### [PROBLEM DETAILS]
What is needed is an exact copy of the data below, pictures excluded.

### [INFORMATION PROVIDED]
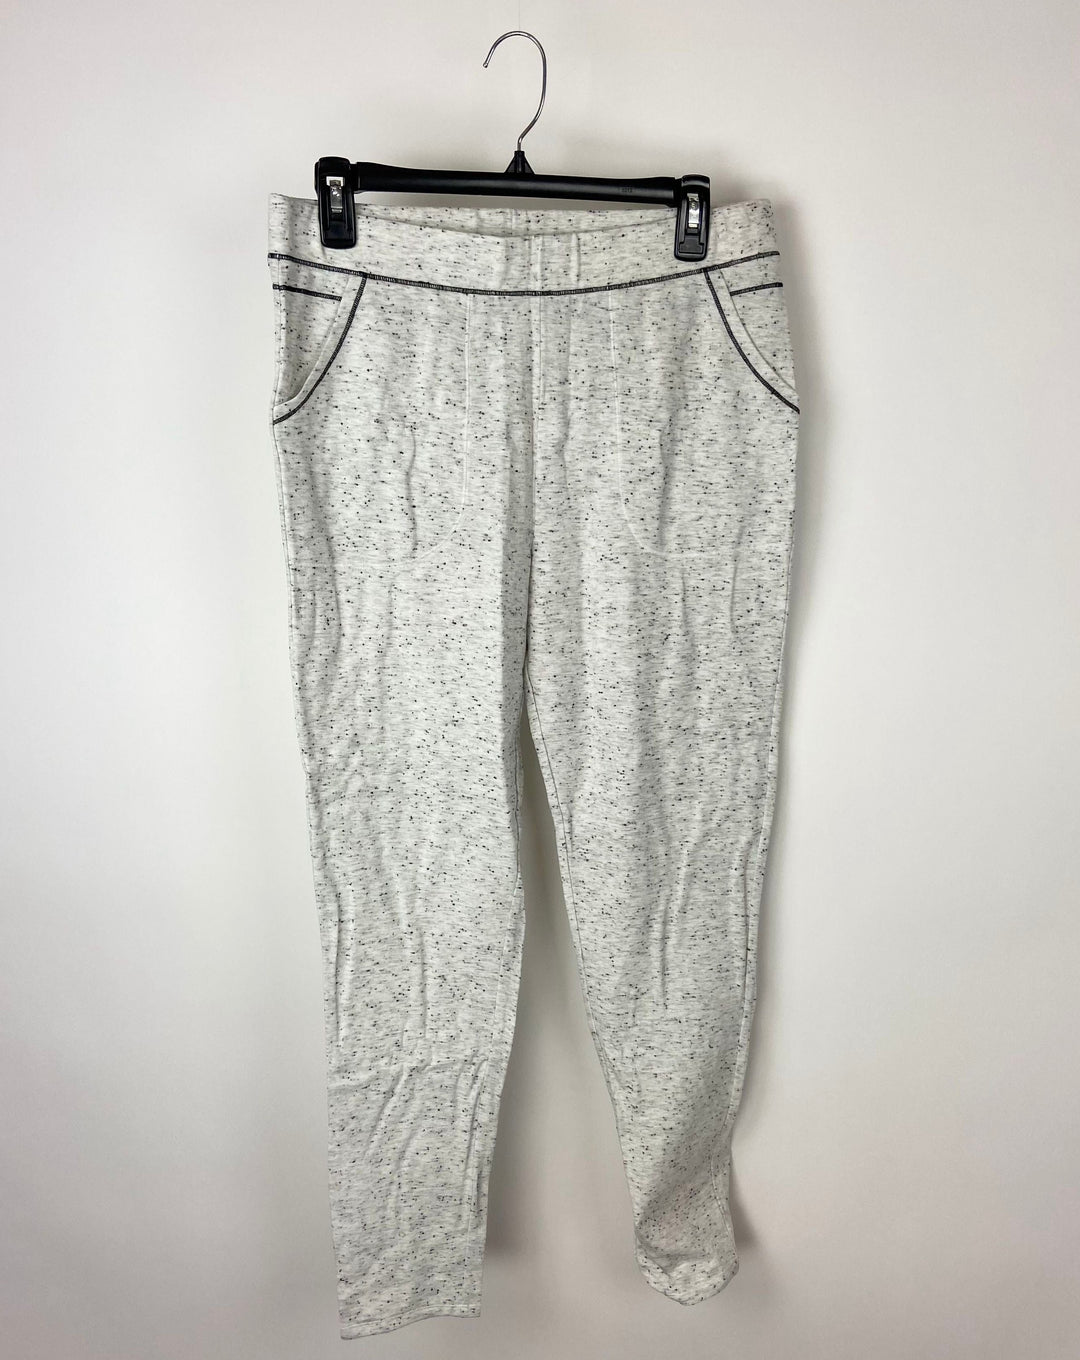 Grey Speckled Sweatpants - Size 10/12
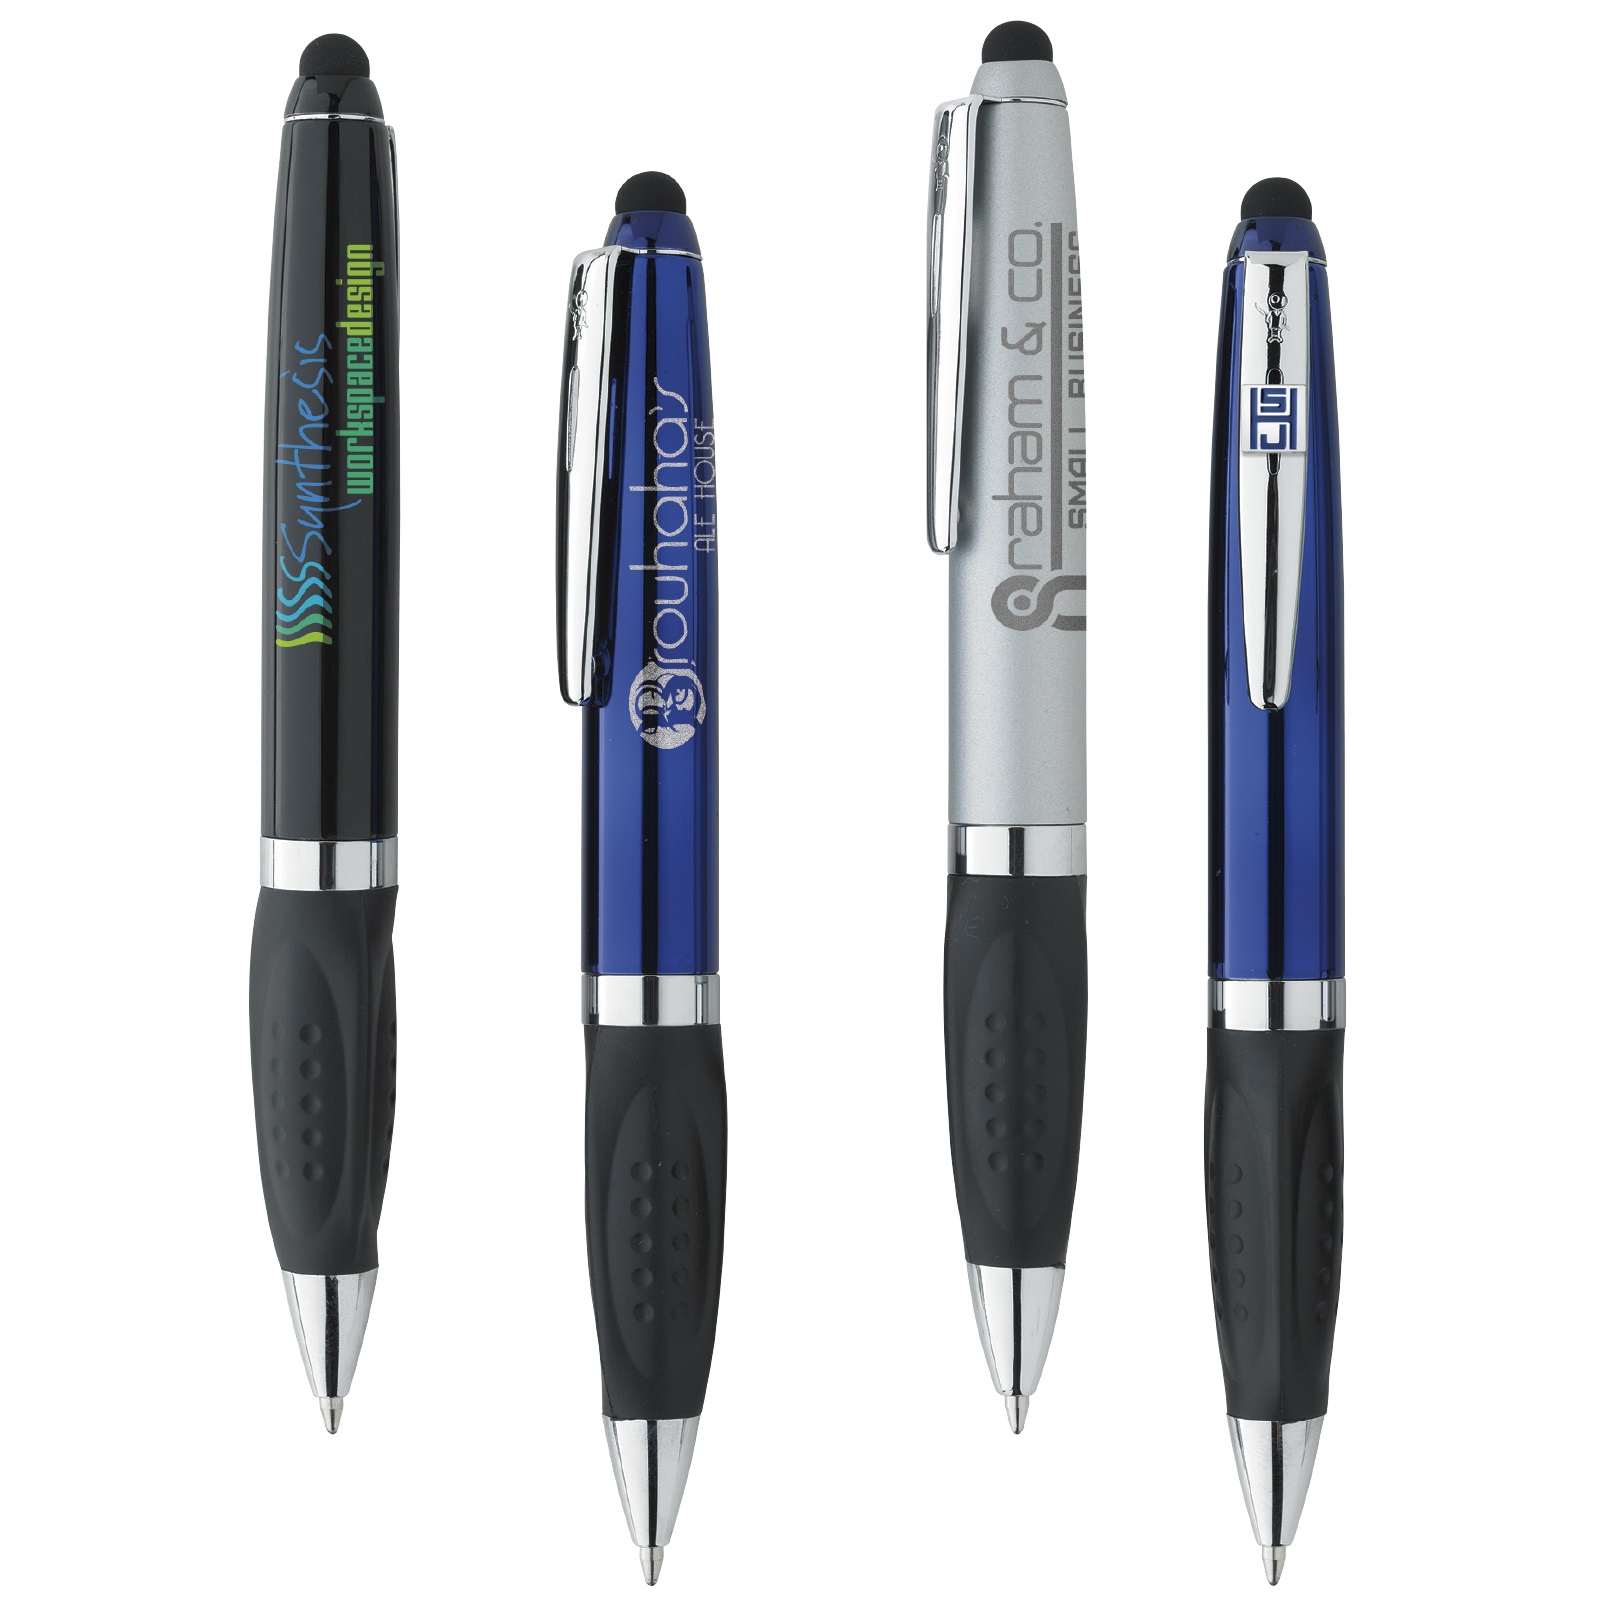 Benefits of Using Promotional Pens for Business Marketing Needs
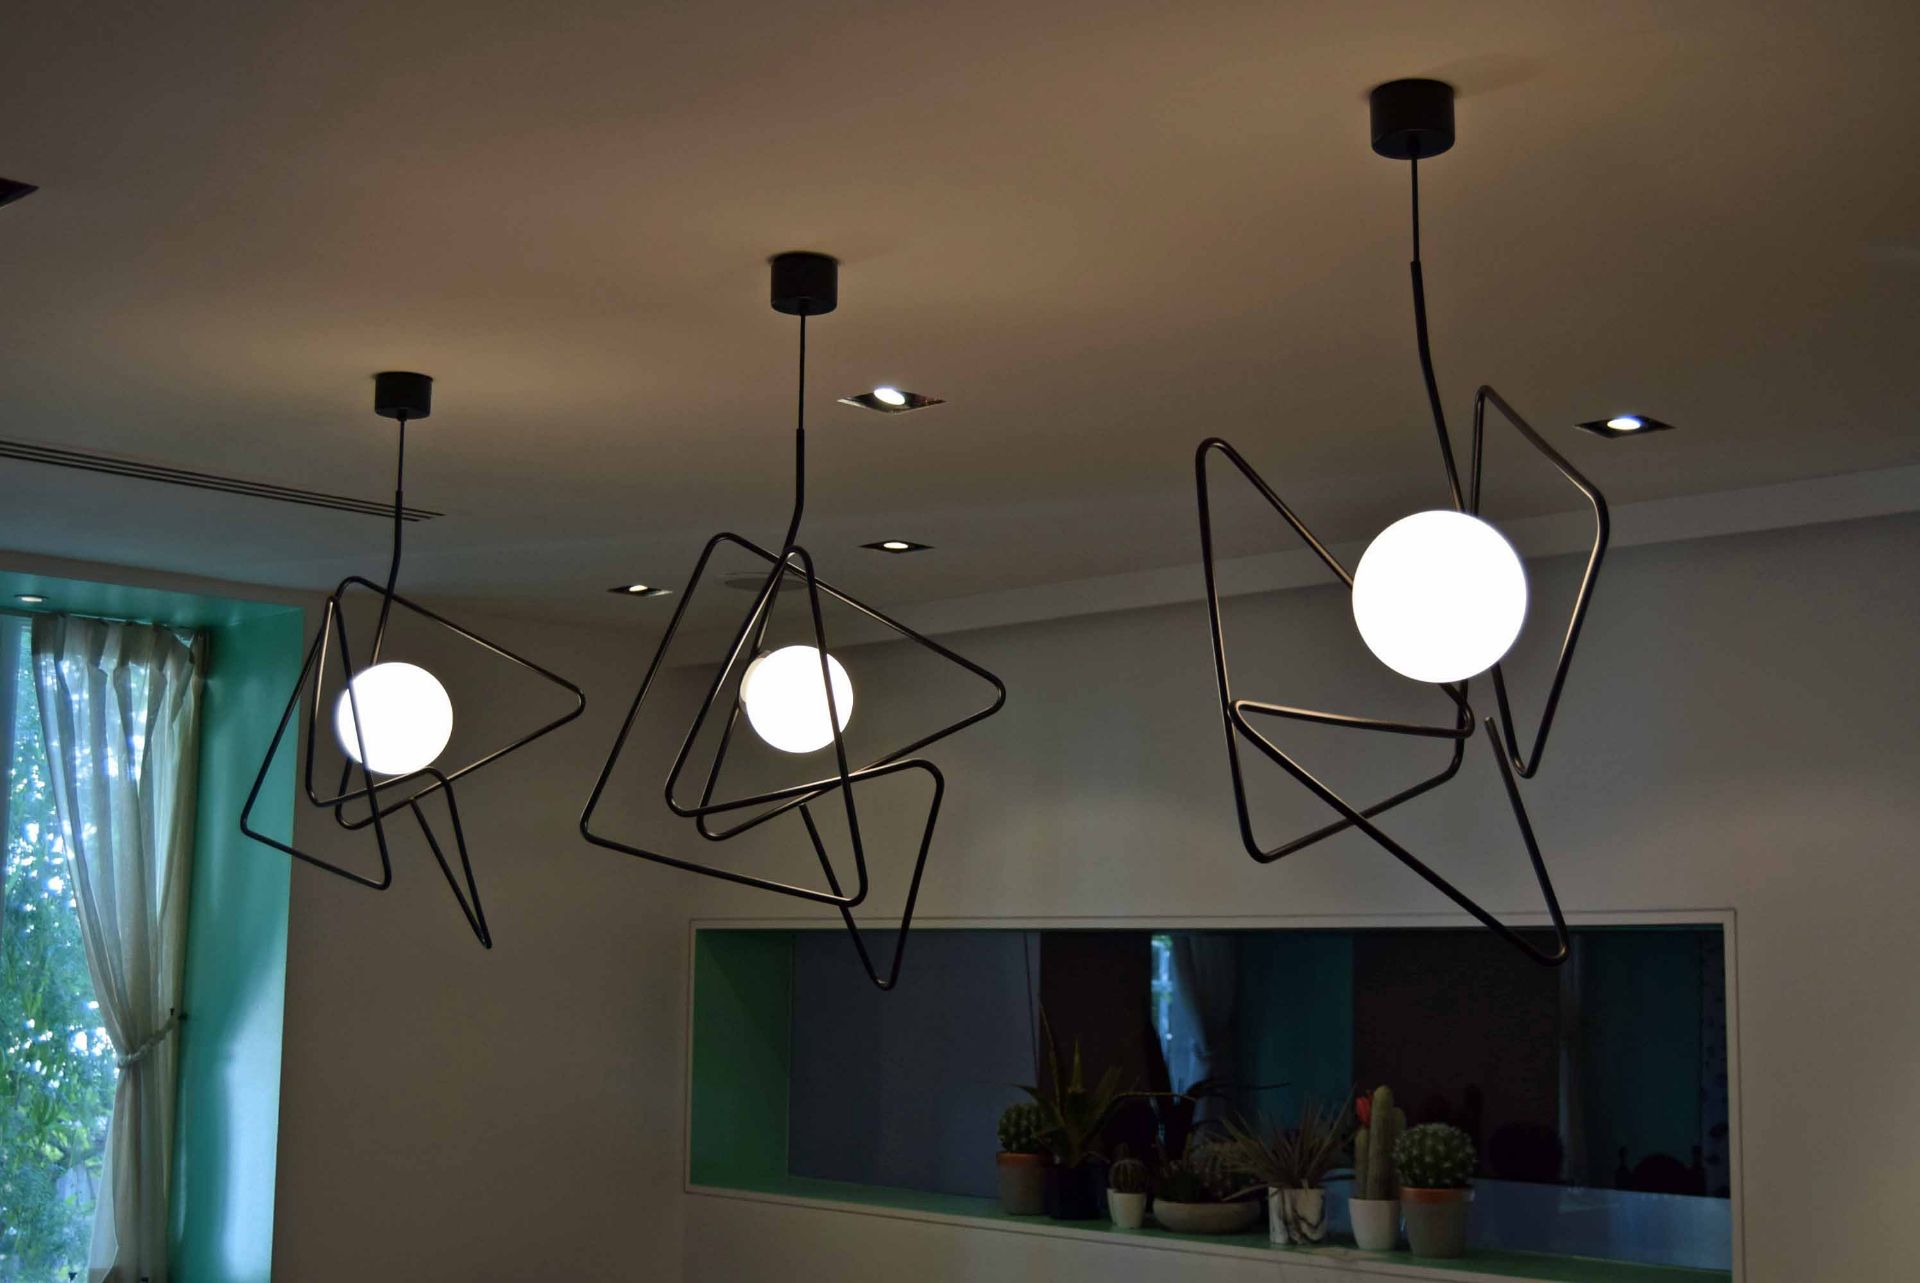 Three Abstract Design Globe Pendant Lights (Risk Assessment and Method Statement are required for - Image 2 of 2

### [RESPONSE BOX]
 Grey Speckled Sweatpants - Size 10/12
 Benefits of Using Promotional Pens for Business Marketing Needs
 Three Abstract Design Globe Pendant Lights (Risk Assessment and Method Statement are required for - Image 2 of 2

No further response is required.